Exercise instructions
Every line of the material is to be returned verbatim. Pictures stay out.

Material provided
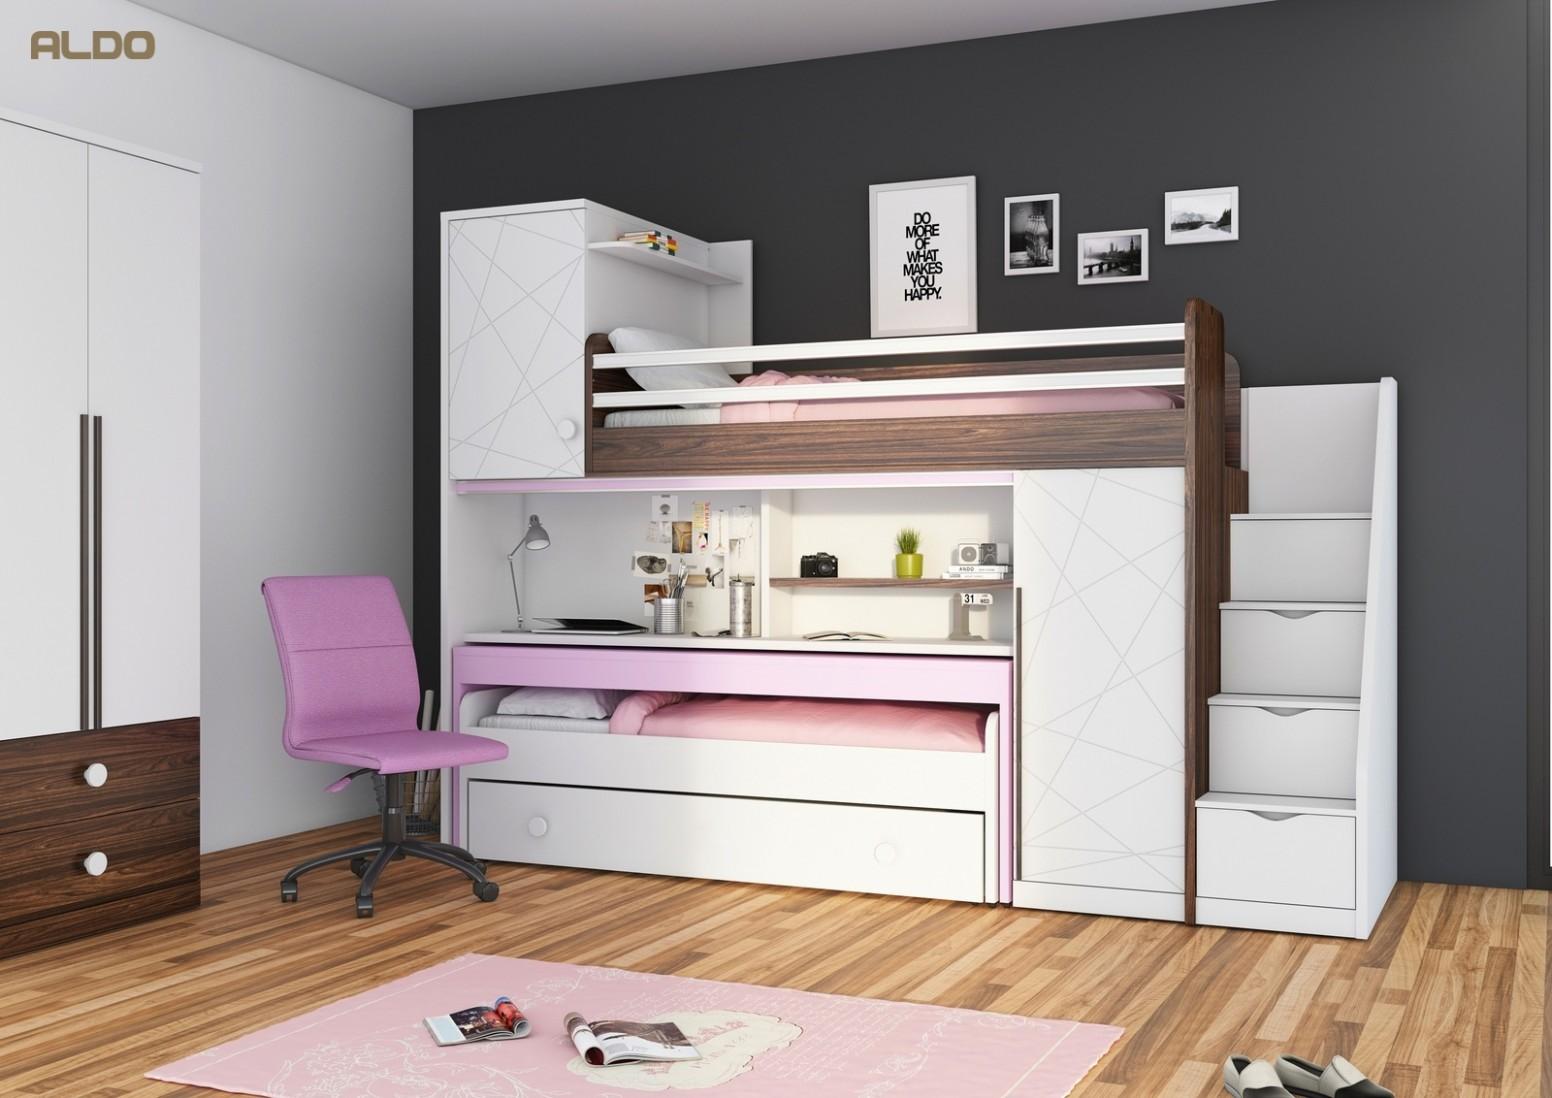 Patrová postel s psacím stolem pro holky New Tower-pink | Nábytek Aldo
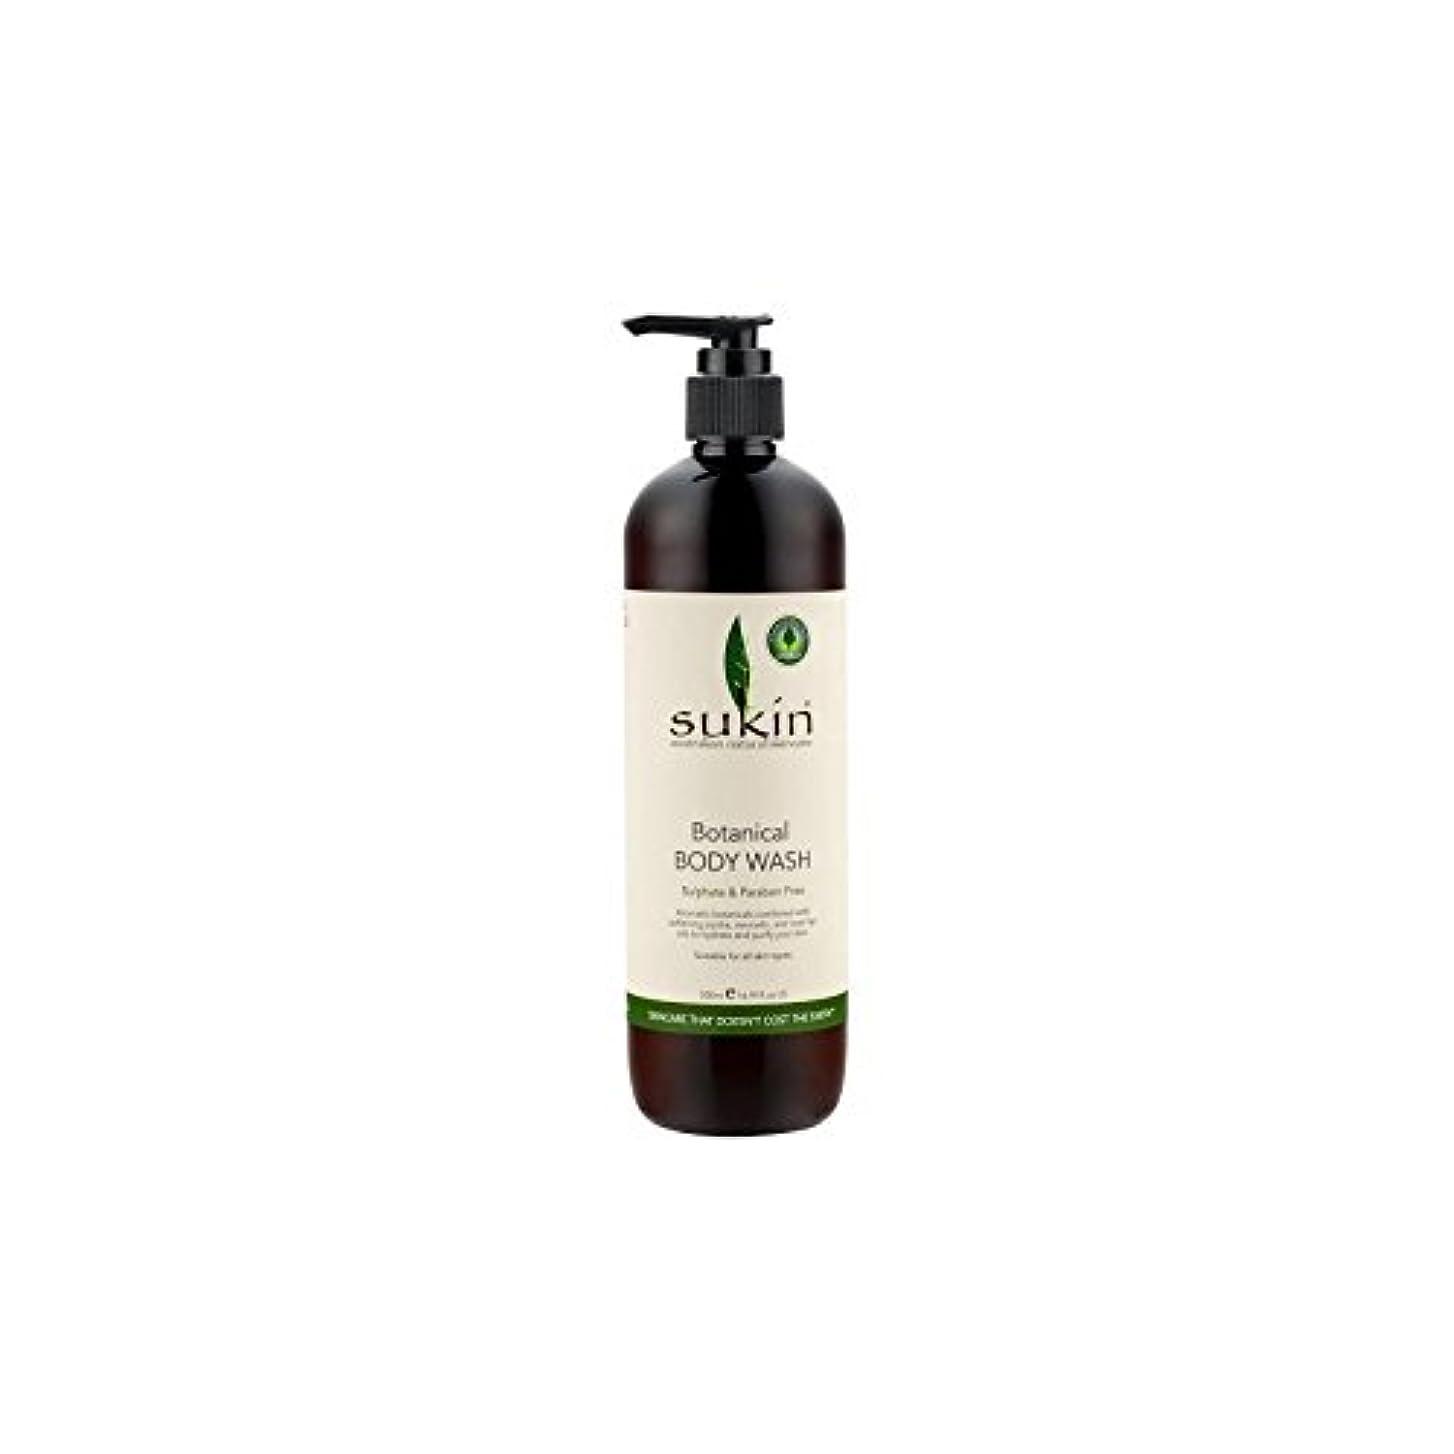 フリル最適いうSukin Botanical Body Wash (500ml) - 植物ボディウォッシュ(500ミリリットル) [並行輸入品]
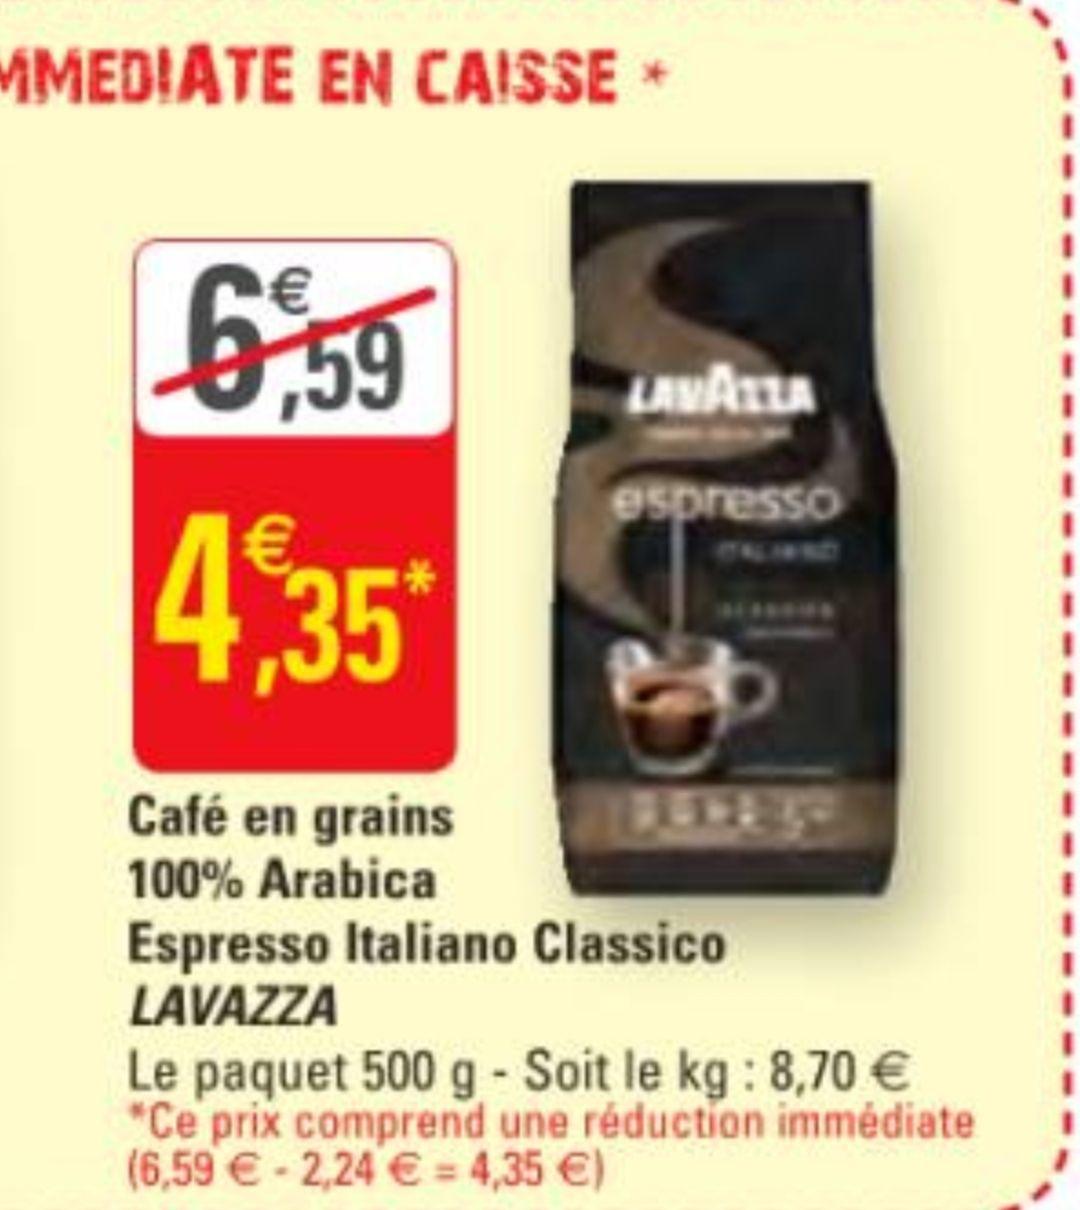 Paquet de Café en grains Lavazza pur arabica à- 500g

Written response
 Patrová postel s psacím stolem pro holky New Tower-pink | Nábytek Aldo
 フリル最適いうSukin Botanical Body Wash (500ml) - 植物ボディウォッシュ(500ミリリットル) [並行輸入品]
 Paquet de Café en grains Lavazza pur arabica à- 500g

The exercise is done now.